**Exercise**
Your job is to retype all of the data word for word, leaving every image out.

**Supplied data**
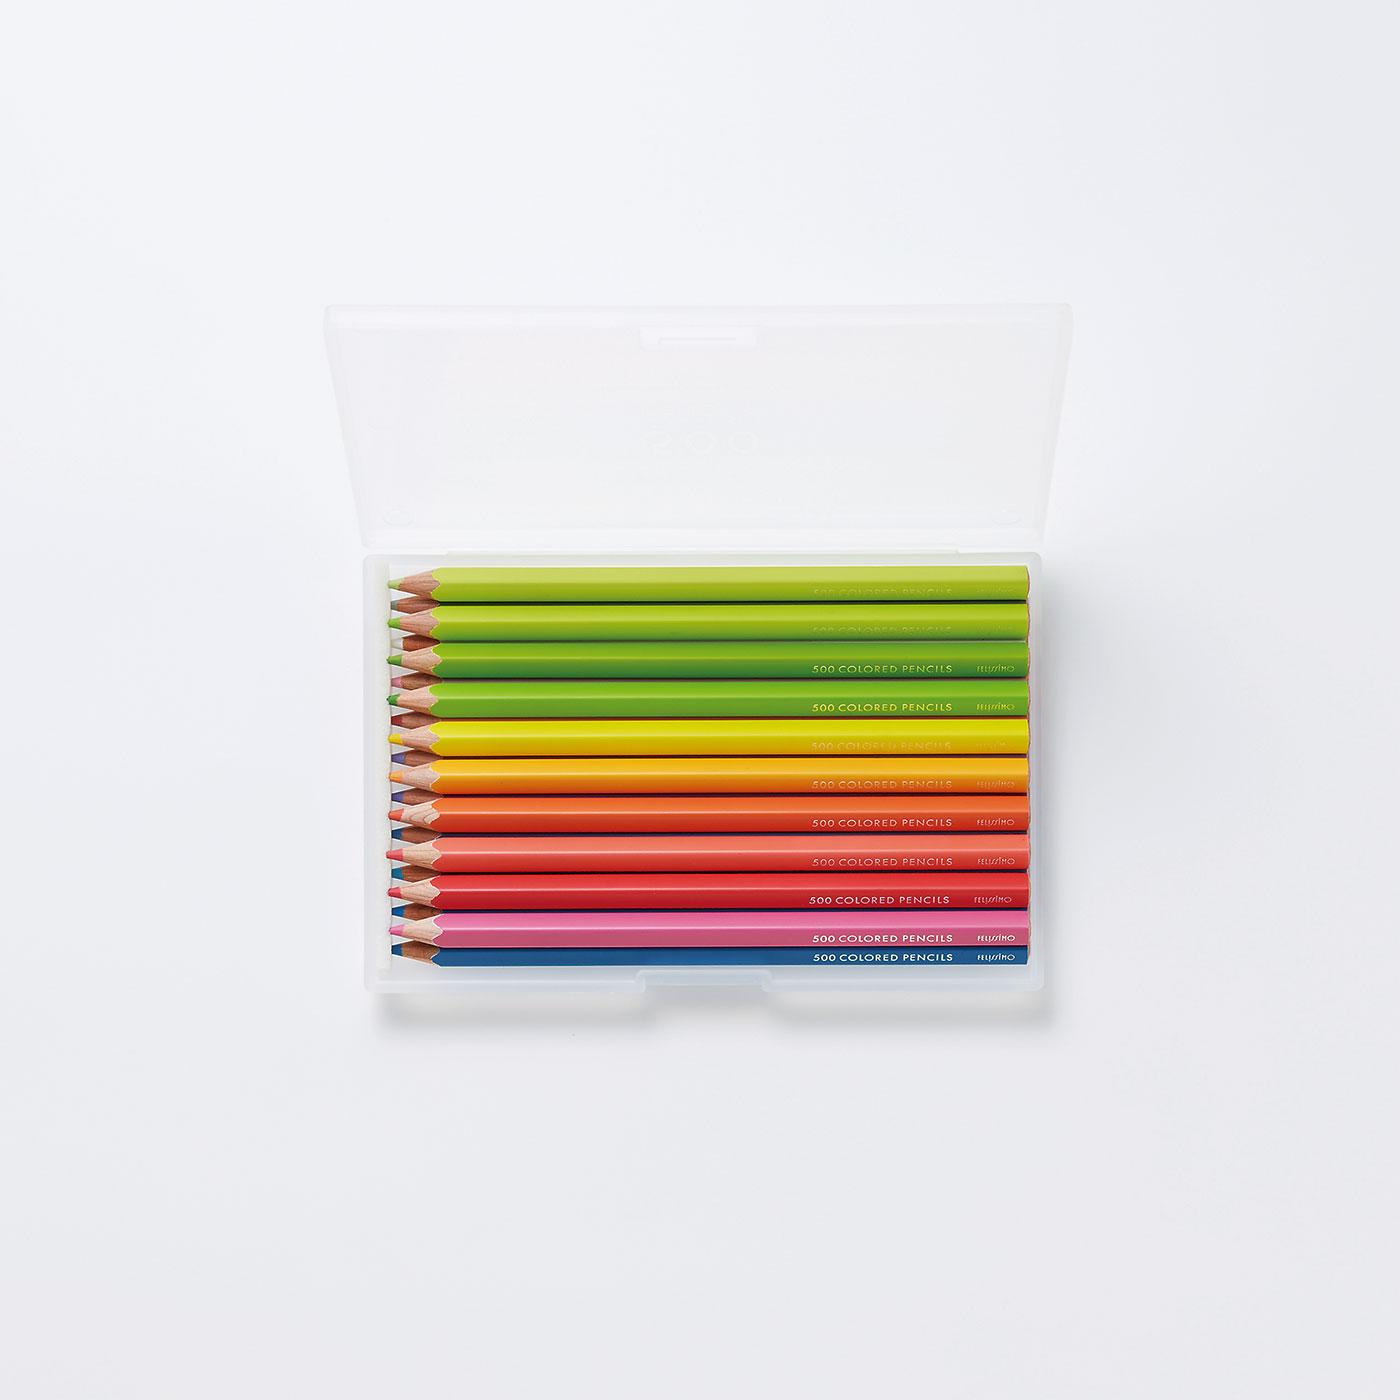 1セットはテーマによって選定された20色を透明ケースに入れてお届け。
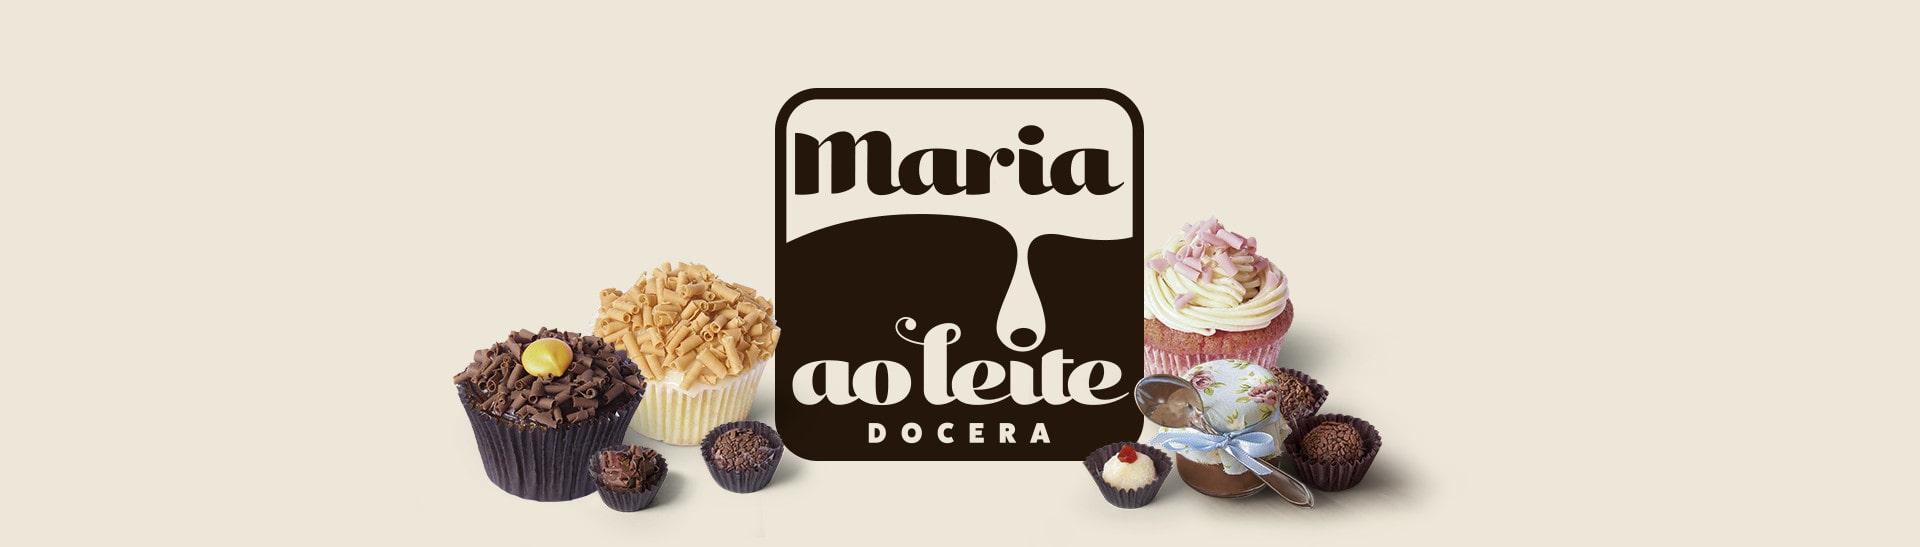 Logotipo Maria ao Leite
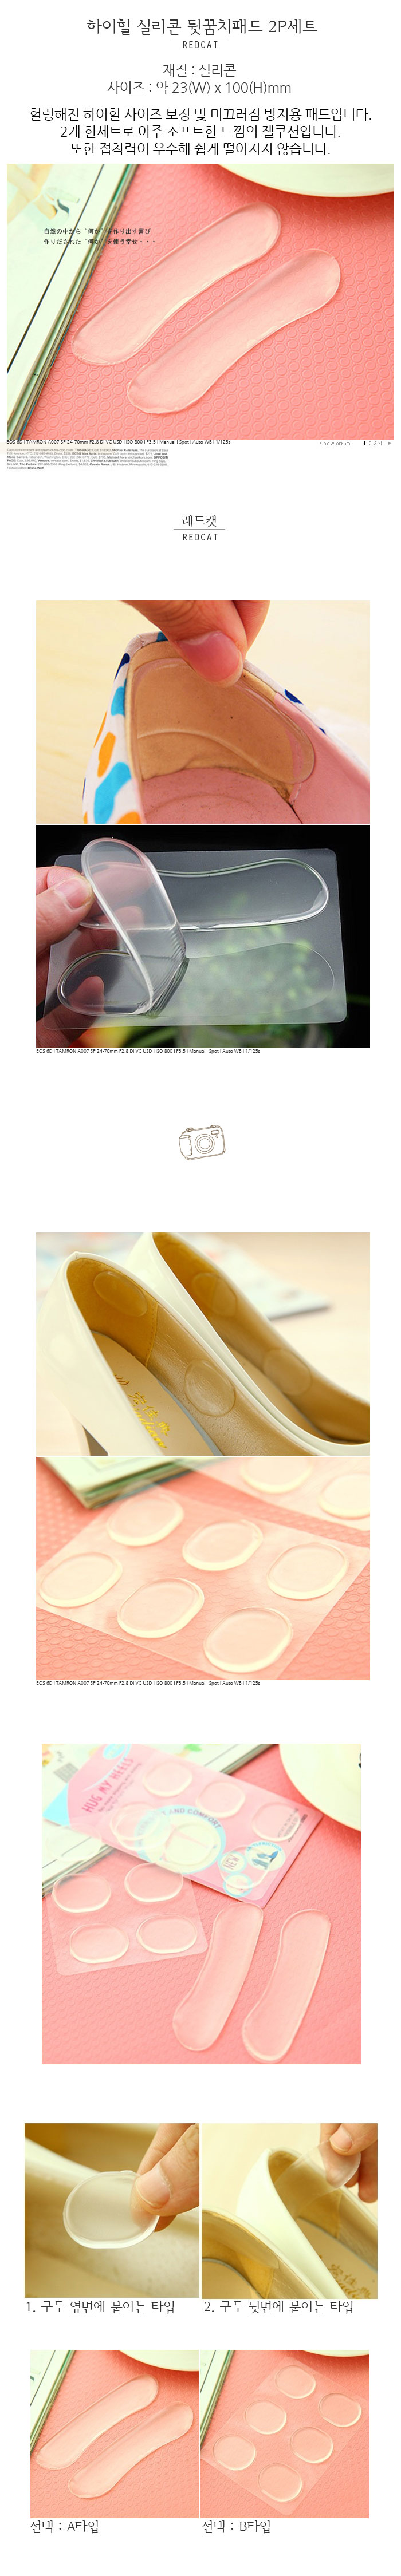 하이힐 실리콘 뒷꿈치패드 2P세트 - 네코리빙, 1,200원, 신발패드/깔창, 미끄럼방지

**Response area**
 1セットはテーマによって選定された20色を透明ケースに入れてお届け。
 Logotipo Maria ao Leite
 하이힐 실리콘 뒷꿈치패드 2P세트 - 네코리빙, 1,200원, 신발패드/깔창, 미끄럼방지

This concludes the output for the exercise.